Такое положение дел не претерпело существенных изменений вплоть до Третьей республики. В 1874 году офицер, докладывавший о положении дел в районе Азей-ле-Ридо (Индр-и-Луара).

Он счел нужным отметить, что "все говорят по-французски", так что, несмотря на то, что жители говорили на туренском наречии, он был в состоянии понять их. В 1877 г., отчитываясь о маршруте конвоя через Верхние Пиренеи, офицер жаловался, что, поскольку большинство жителей почти не понимают французского языка, часто приходится прибегать к услугам переводчика, чтобы получить от них хоть какую-то информацию. В том же году в Перигоре другой офицер отметил, что, хотя жители Перигё умеют говорить по-французски, они до

В 1879 г. фольклорист все еще мог опубликовать притчу о блудном сыне на 88 различных наречиях. В 1879 г. фольклорист все еще мог опубликовать притчу о блудном сыне на 88 различных патуа. Проезжая по Нижней Бретани в 1882 г., Мопассан обнаружил, что языковая ситуация мало изменилась со времени визита Флобера за два десятка лет до этого.

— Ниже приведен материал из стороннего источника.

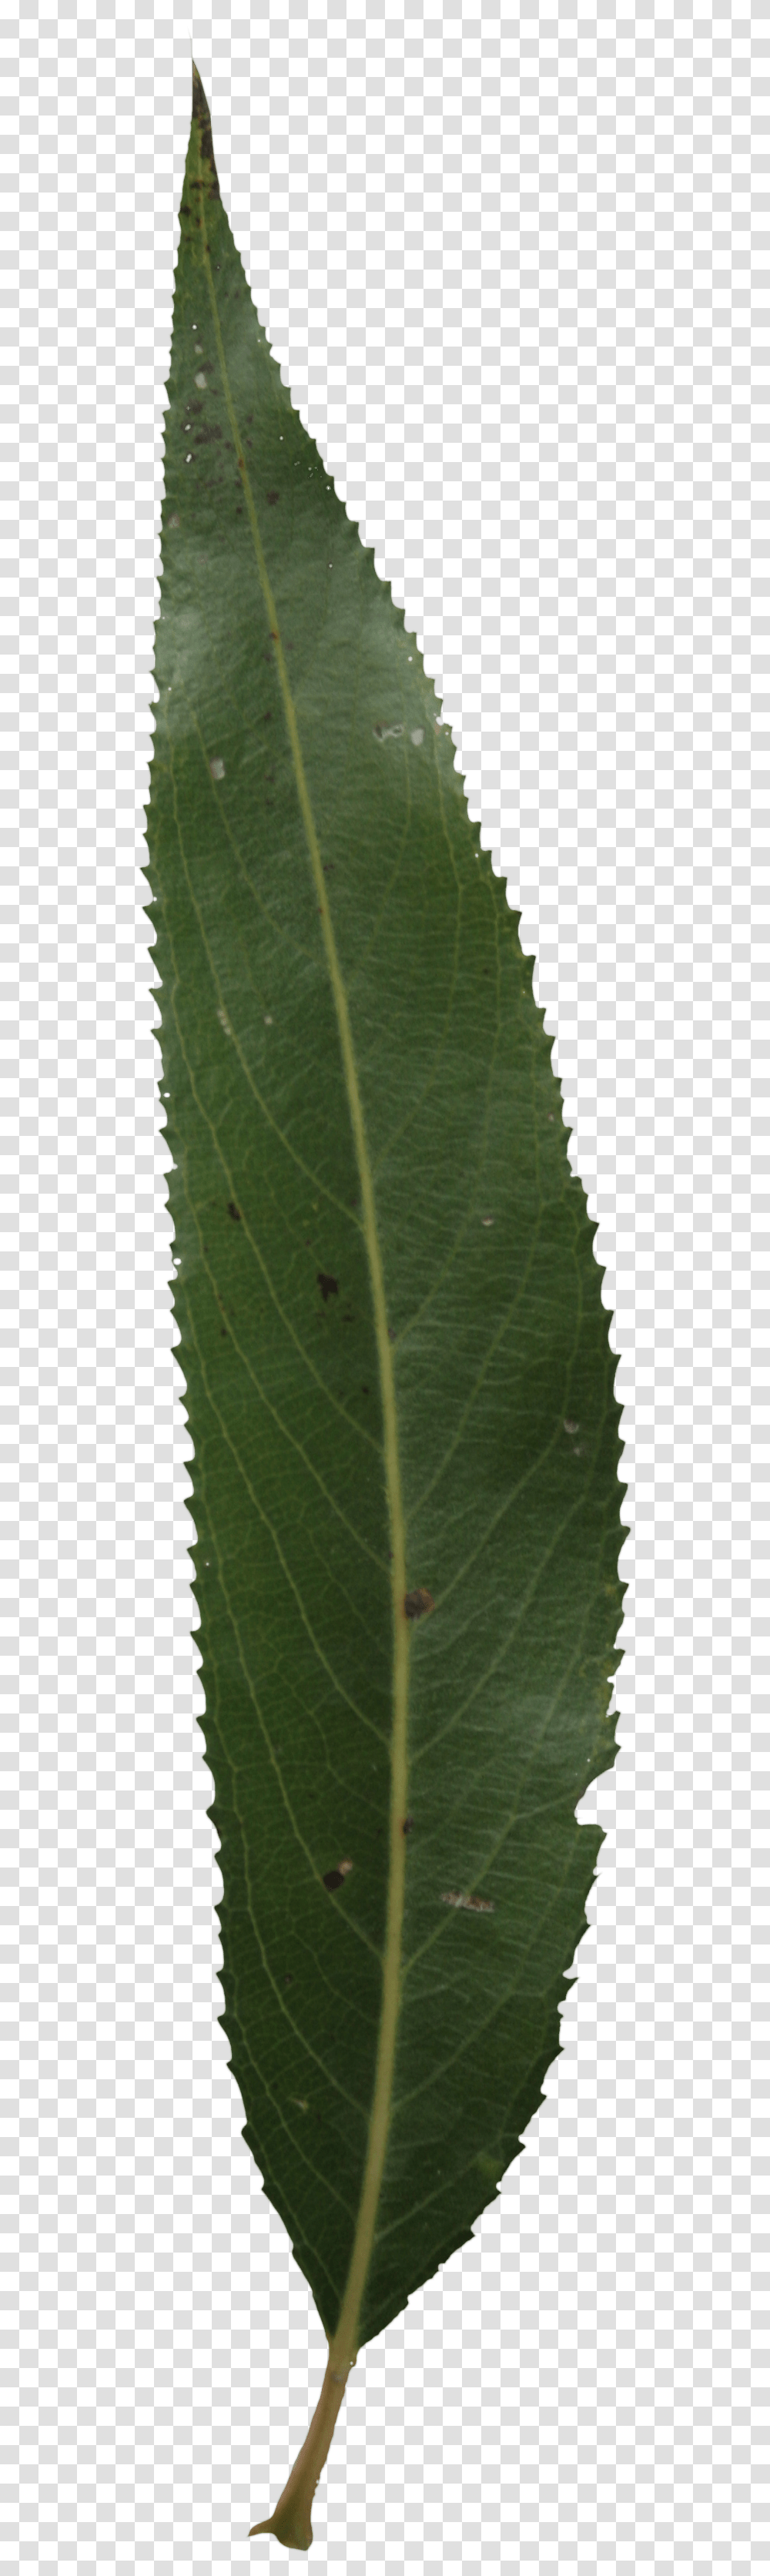 Single Green Leaf Single Mango Leaf, Veins, Plant Transparent Png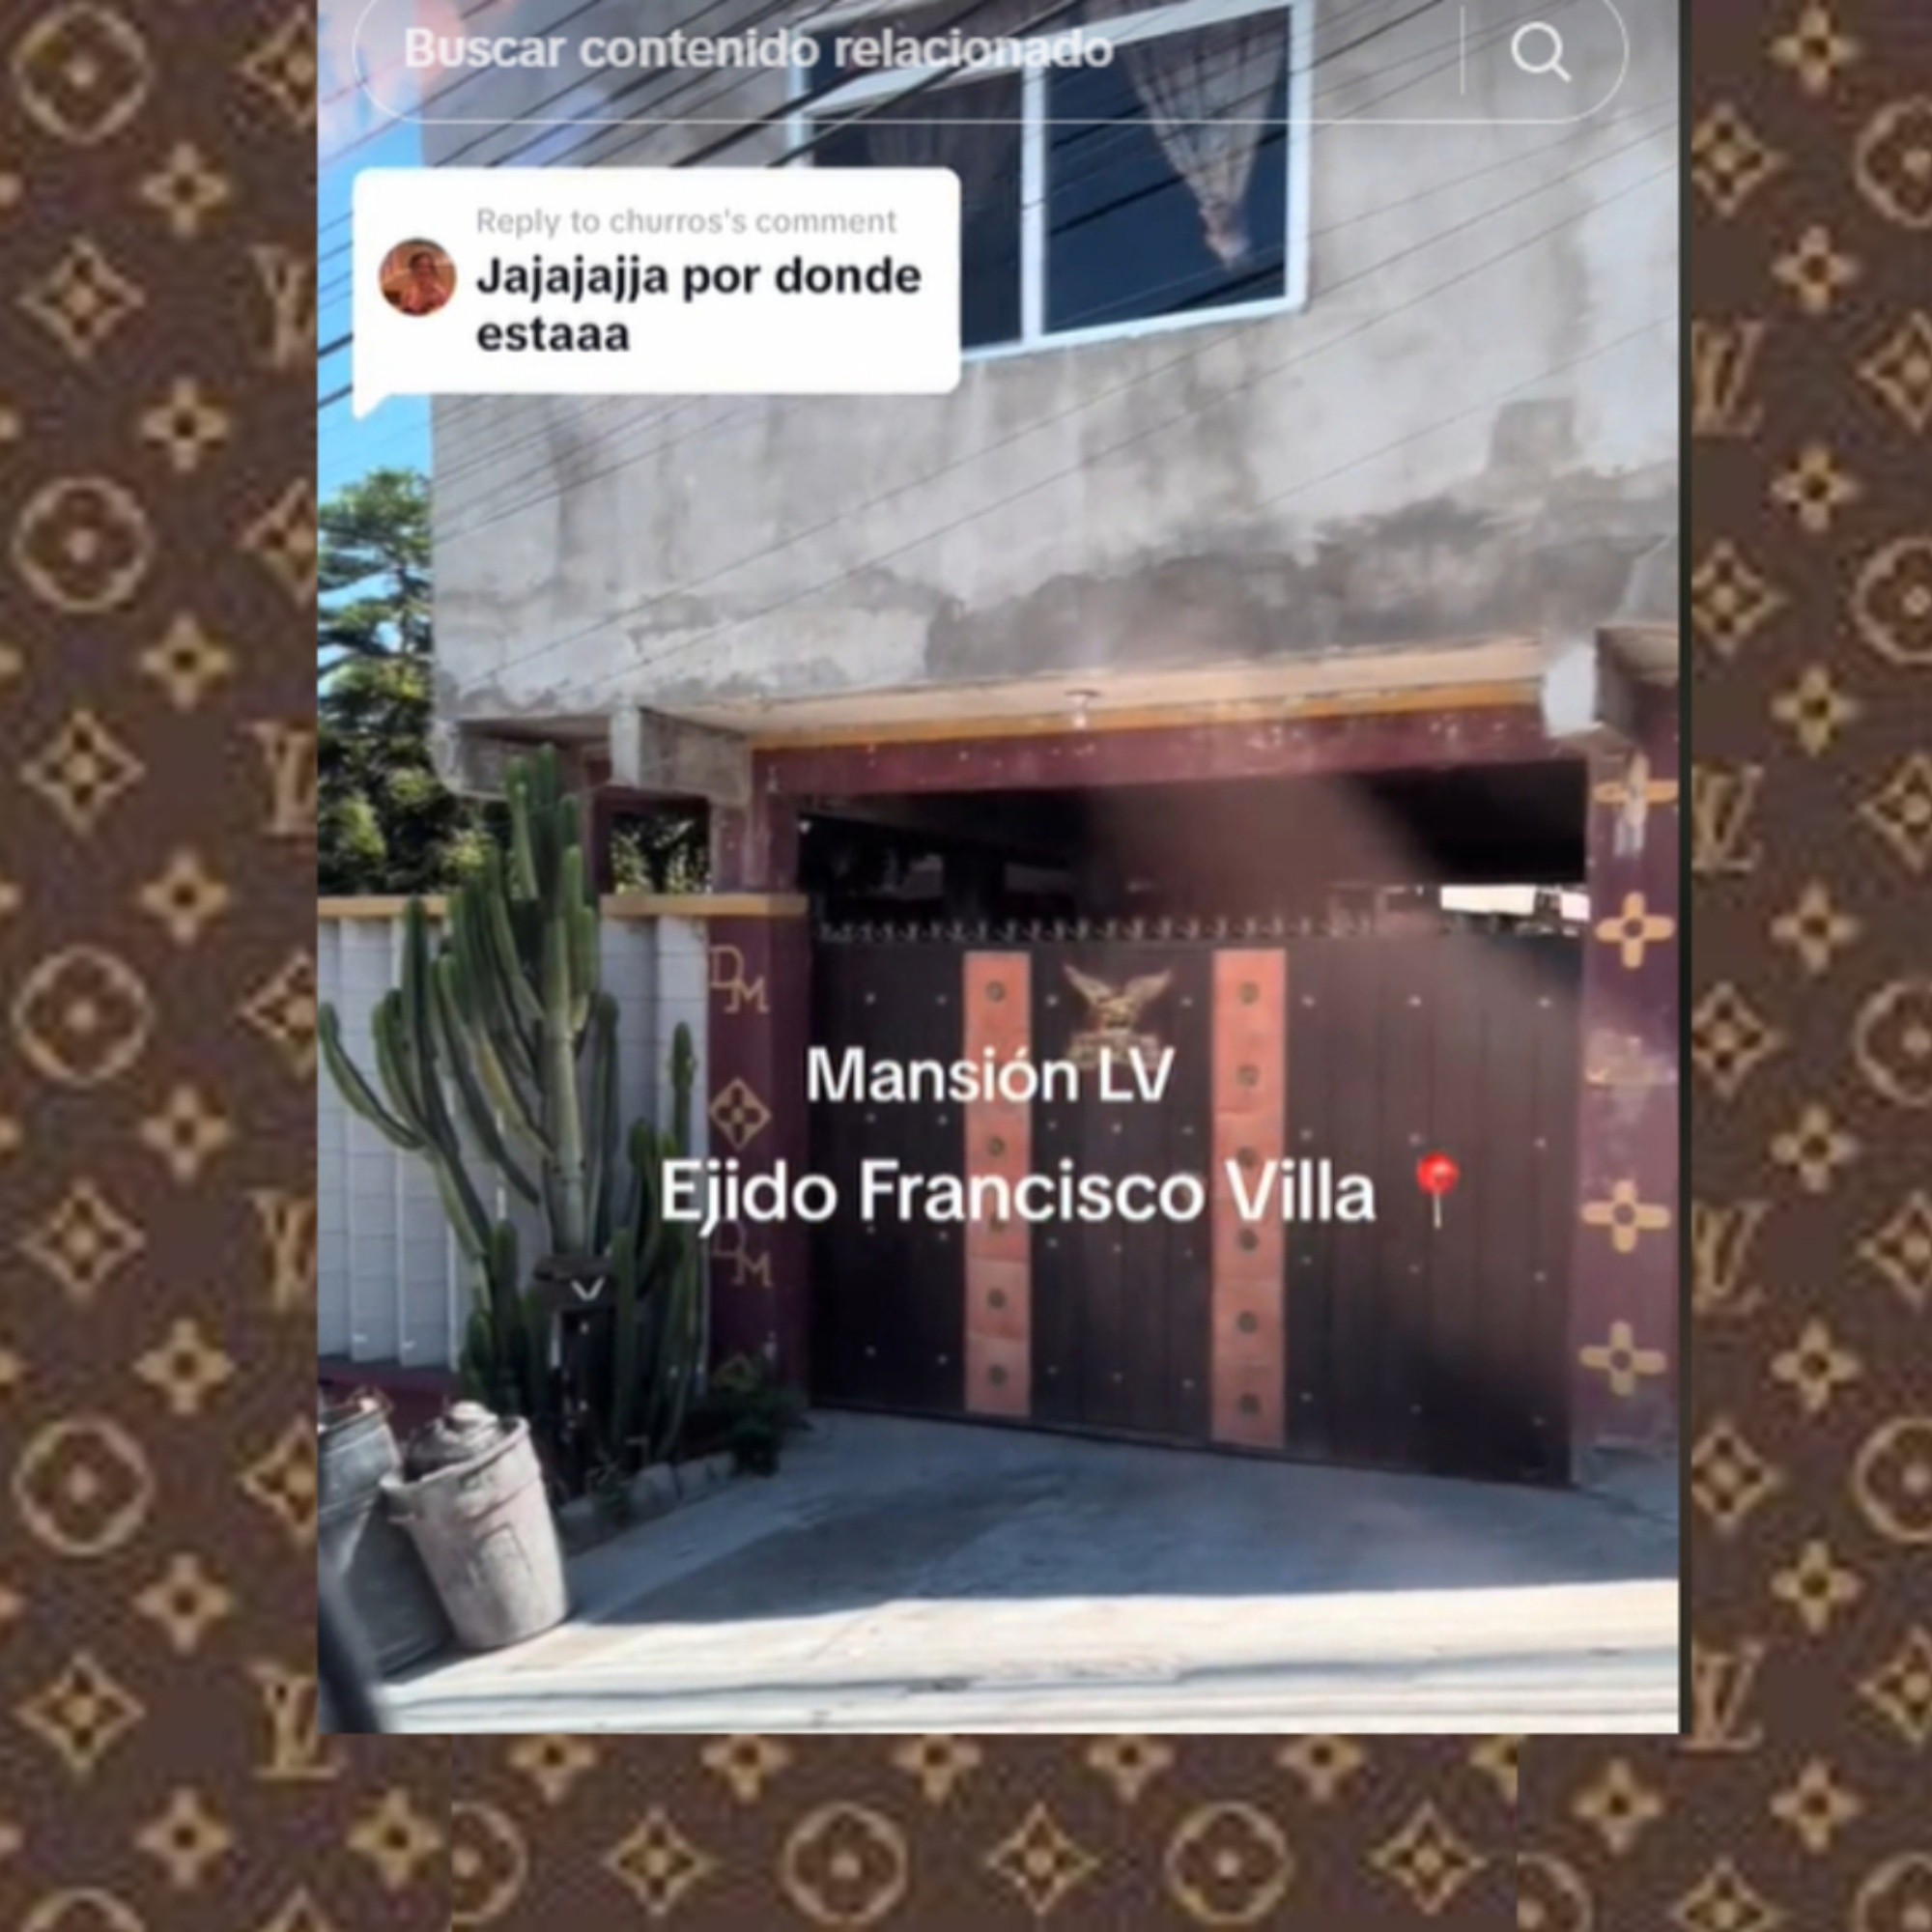 Casa con logos de Louis Vuitton en Tijuana se vuelve viral en

Гостеприимство было таким же радушным, но информацию по-прежнему было трудно получить, "ибо часто в течение целой недели, бродя по деревням, не встретишь ни одного человека, который бы знал хоть слово по-французски". А на Парижской выставке 1889 г. операторы одной из достопримечательностей, маленькой узкоколейной железной дороги Decauville, сочли нужным напечатать свои предупреждающие плакаты на бретонском и провансальском языках, а также на французском. Конечно, тот, кто мог читать по-бретонски или по-провансальски, наверняка мог читать и по-французски.

Именно здесь полезную информацию (а иногда и полезные подсказки) предоставляют учителя и школьные инспекторы, с которыми мы еще встретимся в одной из следующих глав, посвященных образованию. Из их отчетов мы получаем картину сокращающихся, но все еще значительных территорий, где преобладал патуа. В Тарне в 1870-е годы язык патуа был слышен повсеместно. Так же обстояло дело и в Лимузене, одном из наиболее упорно сопротивляющихся регионов. В Верхней Вьенне даже учителя использовали патуа в деловой деятельности вне школы. Там, отмечал инспектор в 1881 г., французский язык не был обычным языком для большинства жителей, а те, кто им пользовался, искажали его. Французский язык оставался неопределенным для жителей ряда регионов и в ХХ веке, о чем свидетельствует полицейский отчет 1910 года о профсоюзном собрании, в котором отмечается, что лидер профсоюза из Тарна обратился к собравшимся "на плохом французском языке"?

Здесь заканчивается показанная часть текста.